* EXERCISE DIRECTIONS
Reproduce exactly, and only, the lines running from the start of the entries below to the line containing "Fisher & Paykel".

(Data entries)
□ □ □
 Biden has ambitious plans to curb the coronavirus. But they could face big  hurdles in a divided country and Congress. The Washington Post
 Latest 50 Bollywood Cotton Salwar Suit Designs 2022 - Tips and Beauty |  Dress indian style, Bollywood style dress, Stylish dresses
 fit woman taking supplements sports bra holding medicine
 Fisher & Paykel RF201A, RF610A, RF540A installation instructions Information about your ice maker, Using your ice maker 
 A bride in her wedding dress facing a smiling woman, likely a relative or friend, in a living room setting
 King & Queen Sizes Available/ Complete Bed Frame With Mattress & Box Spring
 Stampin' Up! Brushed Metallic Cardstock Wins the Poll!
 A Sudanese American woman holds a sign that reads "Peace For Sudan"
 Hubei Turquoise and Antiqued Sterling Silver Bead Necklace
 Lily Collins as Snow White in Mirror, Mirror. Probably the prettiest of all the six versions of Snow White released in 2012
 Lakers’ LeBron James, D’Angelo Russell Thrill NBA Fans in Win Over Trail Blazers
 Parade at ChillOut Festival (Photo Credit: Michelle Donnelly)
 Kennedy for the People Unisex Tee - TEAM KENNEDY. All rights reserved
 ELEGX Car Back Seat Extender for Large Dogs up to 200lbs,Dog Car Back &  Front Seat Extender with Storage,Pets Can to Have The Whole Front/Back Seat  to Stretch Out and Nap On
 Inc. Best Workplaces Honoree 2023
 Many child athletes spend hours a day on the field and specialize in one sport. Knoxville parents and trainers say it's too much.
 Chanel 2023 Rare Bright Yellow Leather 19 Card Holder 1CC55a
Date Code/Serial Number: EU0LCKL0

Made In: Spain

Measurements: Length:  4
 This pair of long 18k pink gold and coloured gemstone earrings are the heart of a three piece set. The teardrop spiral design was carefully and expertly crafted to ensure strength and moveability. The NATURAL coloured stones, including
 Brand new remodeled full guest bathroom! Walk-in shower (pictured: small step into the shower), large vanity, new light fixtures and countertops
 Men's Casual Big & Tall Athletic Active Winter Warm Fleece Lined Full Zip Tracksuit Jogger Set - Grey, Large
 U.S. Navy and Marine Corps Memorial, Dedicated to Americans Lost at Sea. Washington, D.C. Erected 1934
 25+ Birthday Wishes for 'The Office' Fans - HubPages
□ □ □
* WRITTEN ANSWER
 Biden has ambitious plans to curb the coronavirus. But they could face big  hurdles in a divided country and Congress. The Washington Post
 Latest 50 Bollywood Cotton Salwar Suit Designs 2022 - Tips and Beauty |  Dress indian style, Bollywood style dress, Stylish dresses
 fit woman taking supplements sports bra holding medicine
 Fisher & Paykel RF201A, RF610A, RF540A installation instructions Information about your ice maker, Using your ice maker 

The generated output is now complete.